What is required: The data below holds the lines to copy: everything from the line containing "SERBIA. 1908. Fkd" to the line containing "Guerra na Ucrânia", both ends included, set down exactly.

Records provided:
»»

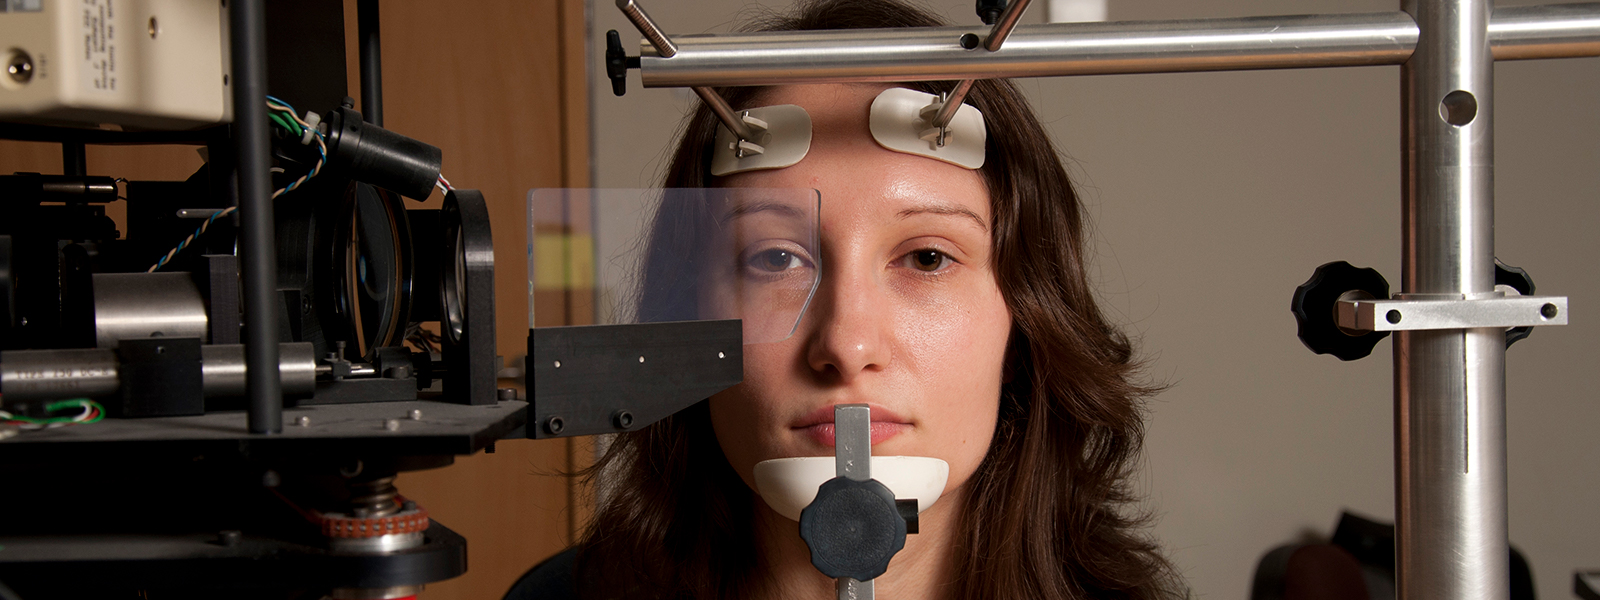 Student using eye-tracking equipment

««
»»

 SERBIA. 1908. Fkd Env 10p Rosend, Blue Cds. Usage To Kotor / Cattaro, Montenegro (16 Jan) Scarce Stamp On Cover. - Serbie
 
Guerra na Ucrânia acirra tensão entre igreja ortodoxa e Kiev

««

Written solution:
 SERBIA. 1908. Fkd Env 10p Rosend, Blue Cds. Usage To Kotor / Cattaro, Montenegro (16 Jan) Scarce Stamp On Cover. - Serbie
 
Guerra na Ucrânia acirra tensão entre igreja ortodoxa e Kiev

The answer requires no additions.